For $n\ge2$, let $a=n,b=n+1,N=a^rb^s, g(x)=f^{N^9-x}(N^9)-x, h(x)=f^{N^3-x}(N^3)-x$. Then if $xyz=N^9, g(x)+g(y)+g(z)=0$, and if $xyz=N^3,h(x)+h(y)+h(z)=0.$ Clearly $g(N^3)=0$, and if $x<N^3$, $f^{N^9-x}(N^9)=f^{N^3-x}(f^{N^9-N^3}(N^9))=f^{N^3-x}(N^3)$, so $g(x)=h(x)$. Thus $g(N)=h(N)=0$, and since $N^9=N^5N^3N=N^5N^2N^2=N^6N^2N$, $g(N^5)=g(N^2)=g(N^6)=0.$ Let $x,y \mid N, x,y \ge 2$. Then $g(x)+g(y)+g(N^3/xy)=h(x)+h(y)+h(N^3/xy)=0$, and $g(N^6)+g(xy)+g(N^3/xy)=0$, so $g(xy)=g(x)+g(y)$. So $0=g(N)=rg(a)+sg(b)$. But $g(a),g(b) \ge -n$, so if $r,s$ are relatively prime and greater than $n$, we must have $g(a)=g(b)=0$, which means that $f(n+1)=n$.
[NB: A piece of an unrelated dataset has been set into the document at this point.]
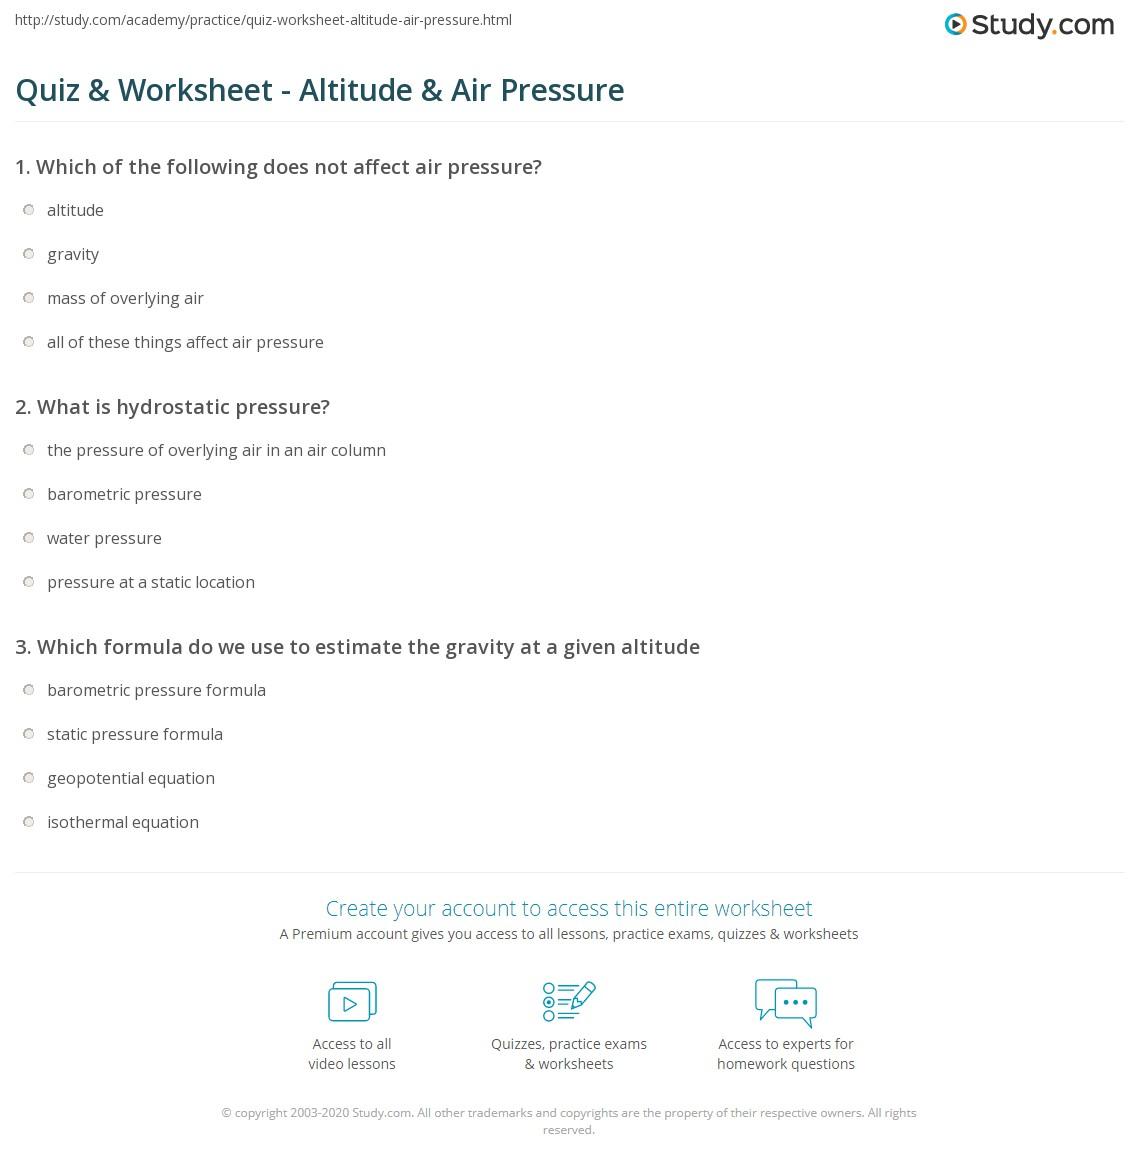 Quiz & Worksheet - Altitude & Air Pressure | Study.com

The answer is $f(n) = n-1$ for $n \ge 3$ with $f(1)$ and $f(2)$ arbitrary; check these work. Lemma: We have $f^{t^2-t}(t^2) = t$ for any $t \ge 2$ Proof: We say $1 \le k \le 7$ is good if $f^{t^9-t^k}(t^9) = t^k$. First, we observe that \[ f^{t^9-t^3}(t^9) = t^3 \quad\text{and}\quad f^{t^3-t}(t^3) = t \implies f^{t^9-t}(t^9) = t. \] so $k=1$ and $k=3$ are good. Then taking $(a,b,c) = (t,t^4,t^4)$, $(a,b,c) = (t,t^3,t^5)$, $(a,b,c) = (t^2, t^2, t^5)$ gives that $4$, $5$, $2$ are good. The lemma follows from this. $\blacksquare$ Now, letting $t = abc$ we combine \begin{align*} f^{t-a}(a) + f^{t-b}(b) + f^{t-c}(c) &= a+b+c \\ f^{t^2-ab} (t^2) + f^{t^2-t} (t^2) + f^{t^2-c} (t^2) &= ab + t + c \\ \implies \left[ f^{t-a}(t) - a \right] + \left[ f^{t-b}(t) - b \right] &= \left[ f^{t-ab}(t) - ab \right] \end{align*} by subtracting and applying the lemma repeatedly. Thus if $p > q > \max\{a,b\}$ are primes then upon setting $s = a^p b^q$ and $t = s^2$ we get \[ p \left[ f^{t-a}(t) - a \right] + q \left[ f^{t-b}(t) - b \right] = \left[ f^{t-s}(s) - s \right] = 0. \] As $q \mid f^{t-a}(t) - a$, $p \mid f^{t-b}(t) - b$, we can conclude that $f^{t-a}(t) = a$ and $f^{t-b}(t) = b$ for any $a,b \ge 2$, with $t = a^p b^q$. In particular, if $a = n$ and $b = n+1$ then we deduce $f(n+1) = n$ for all $n \ge 2$, as desired.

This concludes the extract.